现在回到上面的NewSchedulerCommand方法中, 已经完成了opts, 所以就调用了runCommand方法.

// cmd/kube-scheduler/app/server.go

// runCommand runs the scheduler.
func runCommand(cmd *cobra.Command, args []string, opts *options.Options) error {
    ...
    // 对opts的属性进行验证
    if errs := opts.Validate(); len(errs) > 0 {
        fmt.Fprintf(os.Stderr, "%v\n", utilerrors.NewAggregate(errs))
        os.Exit(1)
    }
    // 如果需要 就把opts的ComponentConfig文件保存起来
    if len(opts.WriteConfigTo) > 0 {
        if err := options.WriteConfigFile(opts.WriteConfigTo, &opts.ComponentConfig); err != nil {
            fmt.Fprintf(os.Stderr, "%v\n", err)
            os.Exit(1)
        }
        klog.Infof("Wrote configuration to: %s\n", opts.WriteConfigTo)
    }
    // 根据opts生成一个scheduler config 对象
    c, err := opts.Config()
    if err != nil {
        fmt.Fprintf(os.Stderr, "%v\n", err)
        os.Exit(1)
    }
    stopCh := make(chan struct{})
    // Get the completed config
    // 根据scheduler config 生成一个completed config
    cc := c.Complete()
    // 看看打开哪些feature
    algorithmprovider.ApplyFeatureGates()
    // 向componentconfig中注册配置文件 
    if cz, err := configz.New("componentconfig"); err == nil {
        cz.Set(cc.ComponentConfig)
    } else {
        return fmt.Errorf("unable to register configz: %s", err)
    }

    // 上面的一系列操作 就是为了获得一个completed config
    return Run(cc, stopCh)
}

这里的一系列操作就是为了获得一个completed config, 然后给Run调用. 这里需要关注一个地方就是opts.Config().

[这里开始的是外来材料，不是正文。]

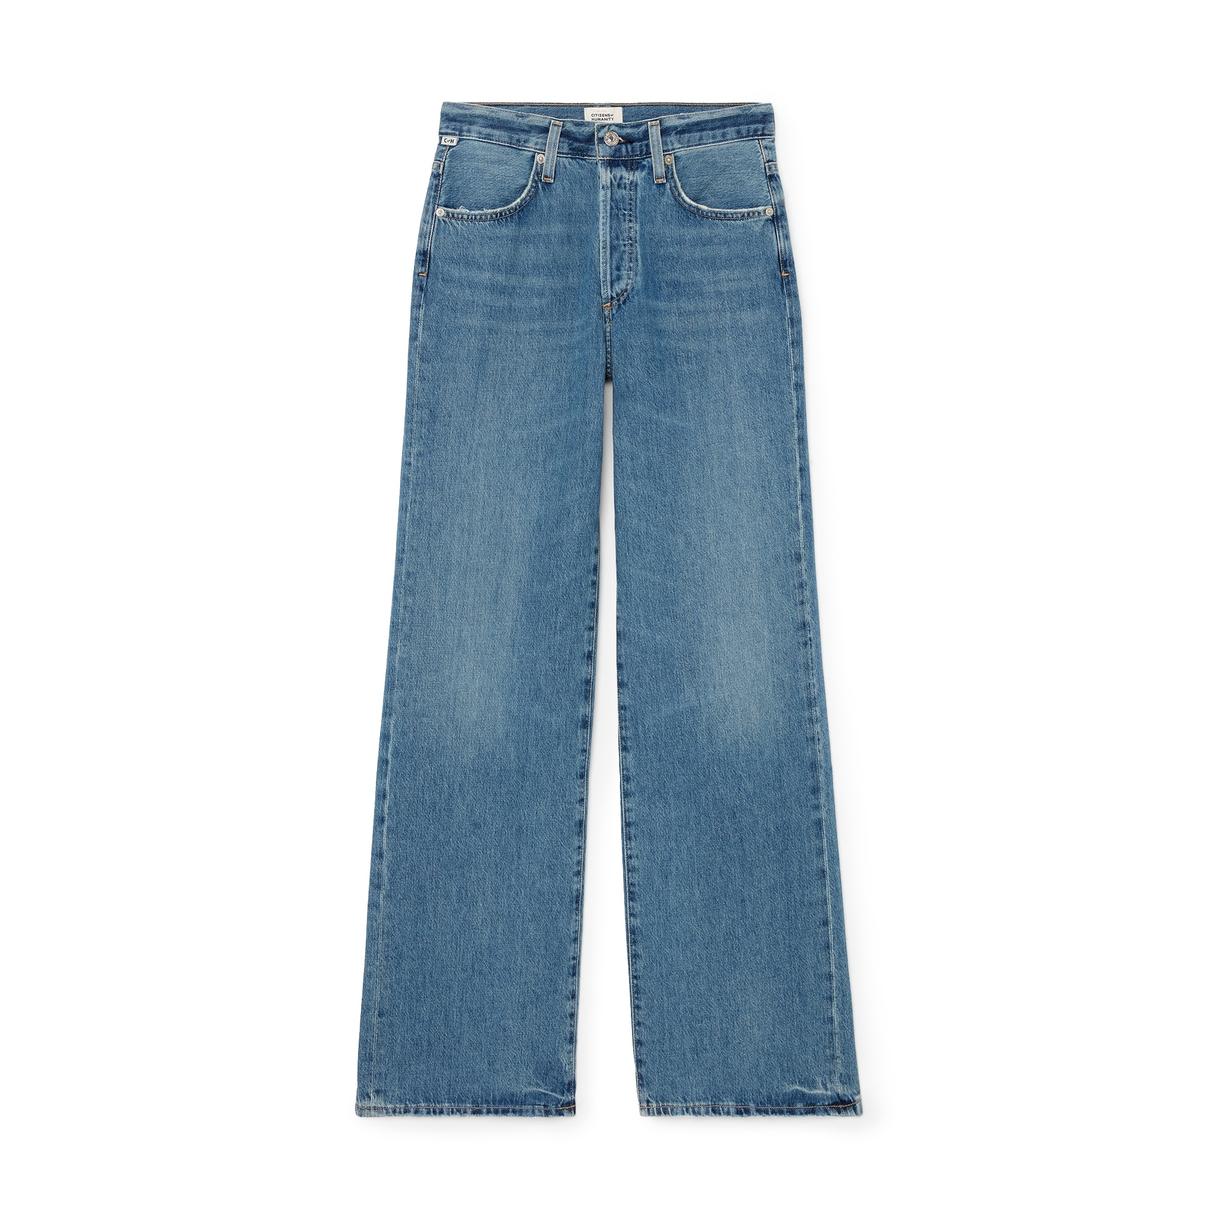 Citizens of Humanity Annina Long Trouser Jeans

// cmd/kube-scheduler/app/options/options.go

func (o *Options) ApplyTo(c *schedulerappconfig.Config) error {
    // 如果kube-scheduler 没有指定--config 就是从默认配置(o.ComponentConfig)拿 
    if len(o.ConfigFile) == 0 {
        c.ComponentConfig = o.ComponentConfig

        // only apply deprecated flags if no config file is loaded (this is the old behaviour).
        if err := o.Deprecated.ApplyTo(&c.ComponentConfig); err != nil {
            return err
        }
        if err := o.CombinedInsecureServing.ApplyTo(c, &c.ComponentConfig); err != nil {
            return err
        }
    } else {
        // 如果kube-scheduler 指定了--config 那就会从配置文件中取
        cfg, err := loadConfigFromFile(o.ConfigFile)
        if err != nil {
            return err
        }

        // use the loaded config file only, with the exception of --address and --port. This means that
        // none of the deprectated flags in o.Deprecated are taken into consideration. This is the old
        // behaviour of the flags we have to keep.
        c.ComponentConfig = *cfg

        if err := o.CombinedInsecureServing.ApplyToFromLoadedConfig(c, &c.ComponentConfig); err != nil {
            return err
        }
    }
    ...
    return nil
}

func (o *Options) Config() (*schedulerappconfig.Config, error) {
    if o.SecureServing != nil {
        if err := o.SecureServing.MaybeDefaultWithSelfSignedCerts("localhost", nil, []net.IP{net.ParseIP("127.0.0.1")}); err != nil {
            return nil, fmt.Errorf("error creating self-signed certificates: %v", err)
        }
    }

    c := &schedulerappconfig.Config{}
    if err := o.ApplyTo(c); err != nil {
        return nil, err
    }

    // Prepare kube clients.
    // 生成client 可以调用api-server
    client, leaderElectionClient, eventClient, err := createClients(c.ComponentConfig.ClientConnection, o.Master, c.ComponentConfig.LeaderElection.RenewDeadline.Duration)
    if err != nil {
        return nil, err
    }
    ...
    // Set up leader election if enabled.
    var leaderElectionConfig *leaderelection.LeaderElectionConfig
    // 默认值就是true 只要用户不设置为false 这一步就会执行
    // 也就是说kube-scheduler 默认就是支持高可用
    if c.ComponentConfig.LeaderElection.LeaderElect {
        leaderElectionConfig, err = makeLeaderElectionConfig(c.ComponentConfig.LeaderElection, leaderElectionClient, recorder)
        if err != nil {
            return nil, err
        }
    }

    c.Client = client
    c.InformerFactory = informers.NewSharedInformerFactory(client, 0)
    c.PodInformer = factory.NewPodInformer(client, 0)
    c.EventClient = eventClient
    c.Recorder = recorder
    c.Broadcaster = eventBroadcaster
    c.LeaderElection = leaderElectionConfig

    return c, nil
}

ApplyTo: 主要是操作是否有配置文件, 如果有配置文件就会从配置文件中读取.
Config: 主要为了生成与api-server通信的client以及leaderElectionConfig用于支持kube-scheduler高可用.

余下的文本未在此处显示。